On further thought, even if CUDA allowed a GPU context to span multiple host threads so that the for-loops were made parallel (say via OpenMP), then it would not still be as efficient as it could be–it (OpenMP at least) still waits for each for-loop step to completely finish before starting the next step. Only when CUDA supports as many host threads per GPU context and as many concurrent GPU kernel executions as you could ever possibly want would this be truly efficient. My understanding of the current state of CUDA 3.0 with FERMI GPU is one host thread per GPU context and 4 concurrent kernel executions.

Assuming CUDA allow(ed) as many host threads per GPU context as you wanted, the efficient way to code this would be (using OpenMP–the following is pseudo-code where inum_threads is some integer number):

[codebox]

#pragma omp parallel num_threads(inum_threads)

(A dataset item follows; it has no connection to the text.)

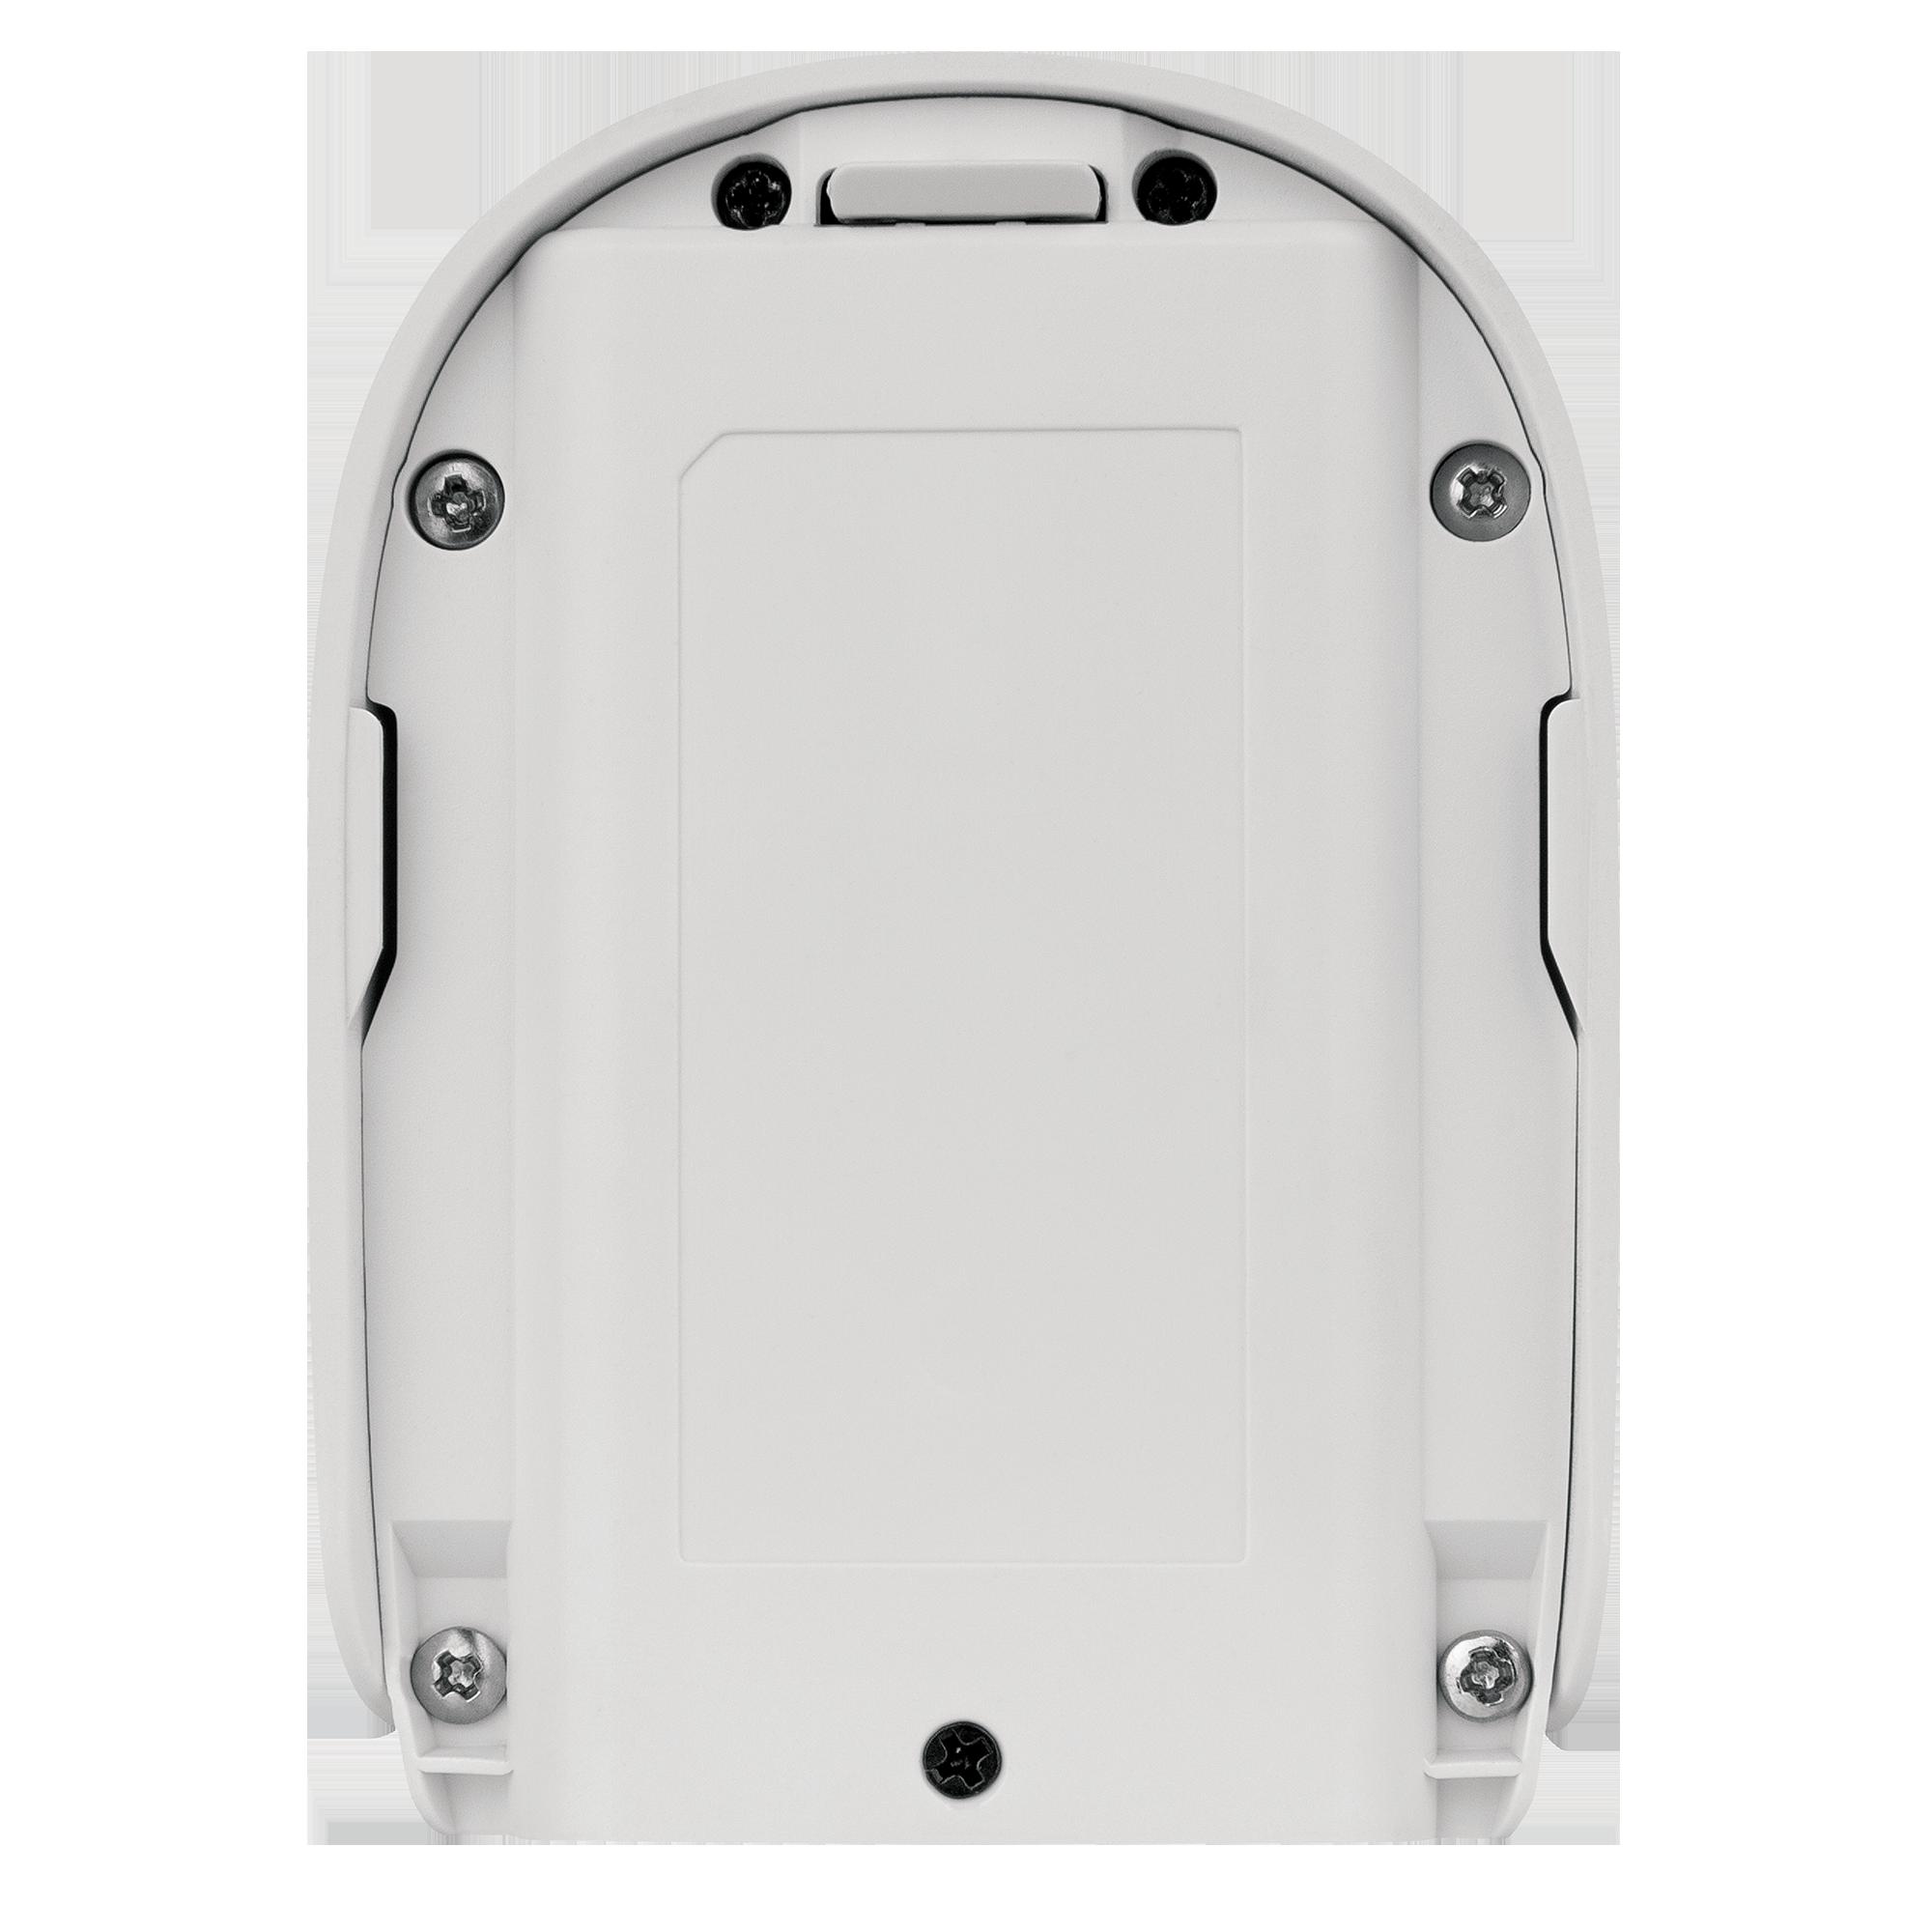 hd portable dvr 2.5 dashboard cam manual

int i = omp_get_thread_num()

PreprocessKernel<Stream[i]>

MainKernel<Stream[i]>

PostKernel<Stream[i]>

[/codebox]

BTW, Kappa handles this by making the kernel launches (and memory transfers) asynchronous and having a scheduler to sort things out (hint: the scheduler is not just a serial for loop iteration across streams). The way that Kappa handles this scales properly from 1.0 GPUs up to FERMI (or beyond) very efficiently, does it today, and stays efficient even if the steps in question become subcomponents of some future component (OpenMP will force a synchronization at each subcomponent step/end of parallel regions and will therefore lose scaling efficiency).

Thanks for the reply. Though I am not yet convinced about the serialization in the for loops and the scheduling that CUDA does by itself.

For instance take a look at this thread : http://forums.nvidia.com/index.php?showtopic=171344

If it was done serial then all the kernels would execute first and then the memory transfer would occur.

So there is a need to have a full documentation of what is going on with streams and what scheduling is done when the compiler comes accross a synchronization of a stream since remember a stream synchronization is taking place with the asychronous memory transfer this is why they have a feed for the stream in the arguments so that it can be queried and used by the device to coordinate a memory transfer.

So in this for loop

it is actually a

for (i){

streamsynchronization(i)

transfer the memory back to host asynchronously

}

so here comes exactly what I said.

Best,

Alexander.

According to the NVIDIA documentation, operations associated with a stream execute in the order they are invoked (on the host thread) and operations associated with separate streams can execute in any order (and probably will). Also according to the NVIDIA documentation, invoking stream synchronization causes the host thread to block until all operations associated with the stream prior to the synchronization event on the stream have registered as completed (note that completed and registered as completed are two slightly different things–completion is necessary but not sufficient for registration). (Alternatively, you may put an event on the stream and ask, without blocking, if all prior stream associated operations are registered as completed–this is implied because the event has registered as completed and it was invoked after the other operations.) This is all of the information needed–assuming that more than one host thread does not use a given stream so that the order of invocation of operations associated with a stream is determined (and deterministic).

You can either: associate all dependent operations on the same stream in the order that they need to complete such that memory copies necessarily are executed in the correct order with respect to kernel execution (and then use blocking synchronization or asynchronous checking of events on the stream to determine that execution completes up to certain points prior to starting other operations) or (as Kappa does) put operations on different streams and have a scheduler that uses the stream event completion statuses and other information to ensure proper ordering of operations–even operations that are not CUDA related. With Kappa, you can use the first method, stream association, to ensure that certain operations proceed efficiently in the correct order but Kappa does not rely solely on this mechanism.

Indeed the second is faster. Thanks for the info.